Tracked in `docs/ARCHITECTURE.md` under *Decisions to revisit in v0.2+*.

---

## Auto-shutdown after long unattended indexing

For overnight or multi-day runs where you want the Mac to power off when the indexer finishes:

```bash
# Schedule a hard shutdown 16 hours from now (adjust to your expected ETA + buffer)
sudo pmset schedule shutdown "$(date -v +16H '+%m/%d/%y %H:%M:%S')"

# Run the indexer with caffeinate to prevent sleep during work
caffeinate -di docker compose -f compose/docker-compose.yml run --rm rag \
    python indexer.py --zim-dir /data --index-dir /index \
                       --ollama-url http://host.docker.internal:11434 \
                       --max-articles 0
```

When the indexer exits, `caffeinate` exits, the Mac can sleep.

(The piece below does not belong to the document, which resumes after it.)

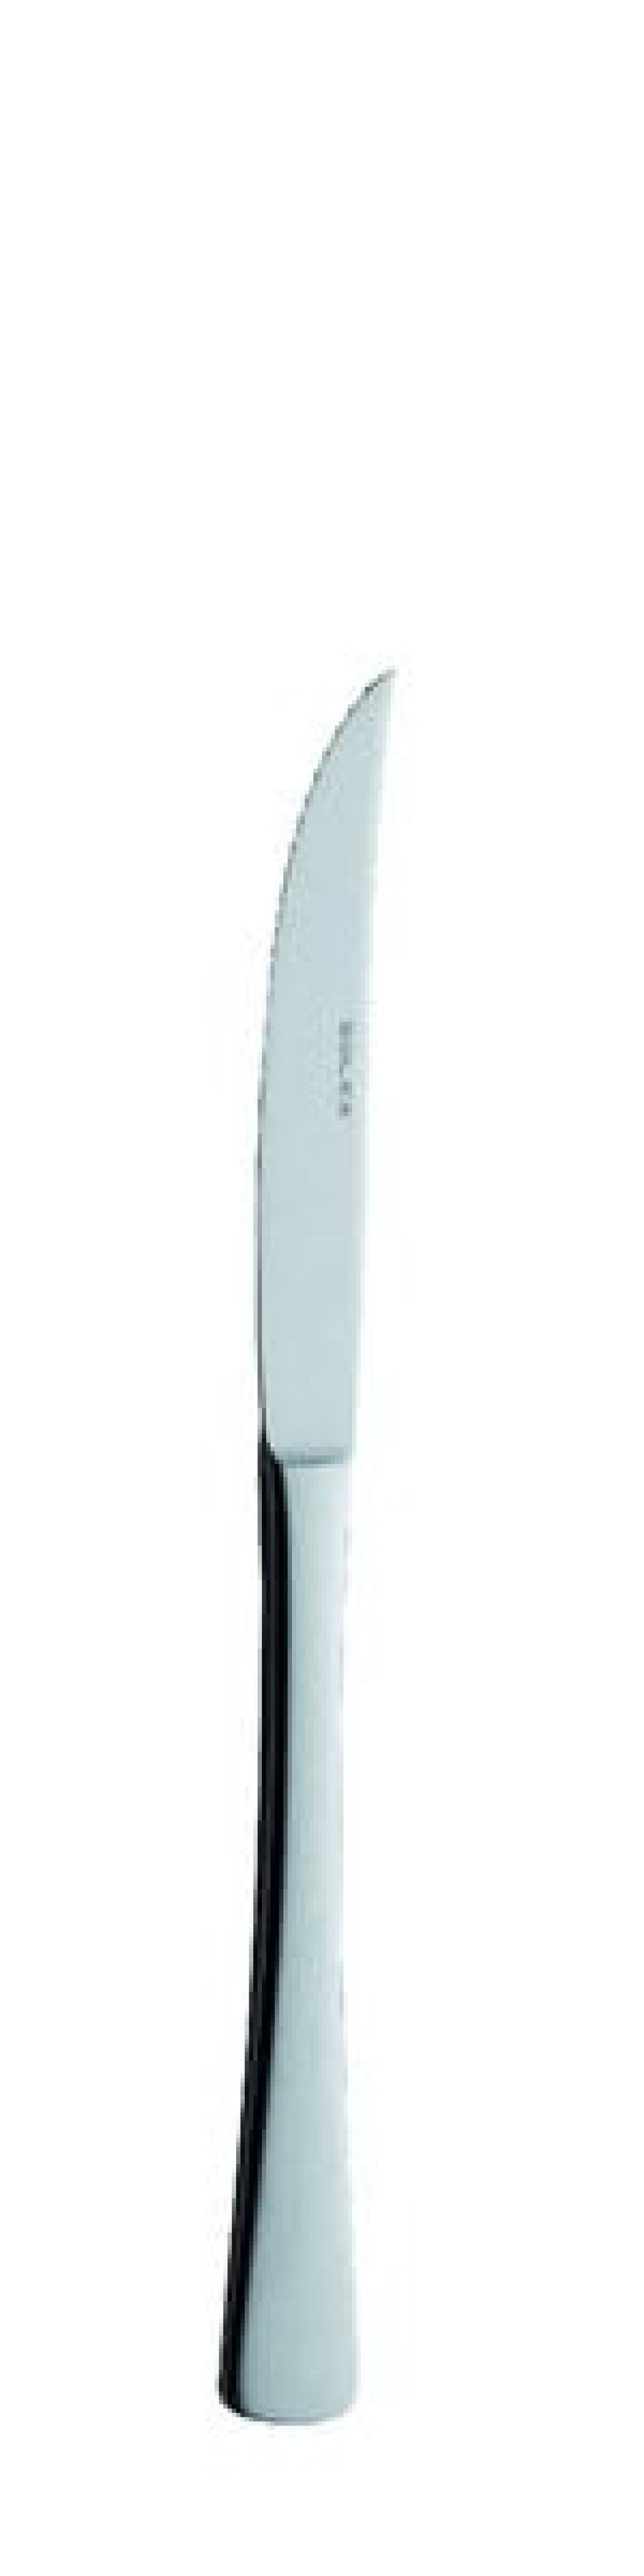 Karina Steakmesser 219 mm - Solex in der Gruppe Tischgedeck / Besteck / Messer bei The Kitchen Lab (1284-21451)

At the scheduled time `pmset` wakes if needed and shuts down. Survives lid-close and sleep.

**Always remember to cancel** if you change your mind or run finishes before you walk away from the keyboard:

```bash
sudo pmset schedule cancelAll
pmset -g sched   # verify nothing is scheduled
```

---

## Bootstrap doesn't pick up my source edits

**Used to be:** `docker compose up` reuses any locally-tagged `allarkive-rag:0.1.0` image, even after you edited `scripts/rag/*.py`. Footgun.

**Now:** bootstrap runs `docker compose build rag` on every invocation before `up`. Cached layers make this near-instant (~5s) when nothing changed. So `./scripts/bootstrap.sh --yes` is now sufficient to ship a code change.

If you're bypassing bootstrap entirely, remember to `docker compose build rag` yourself first.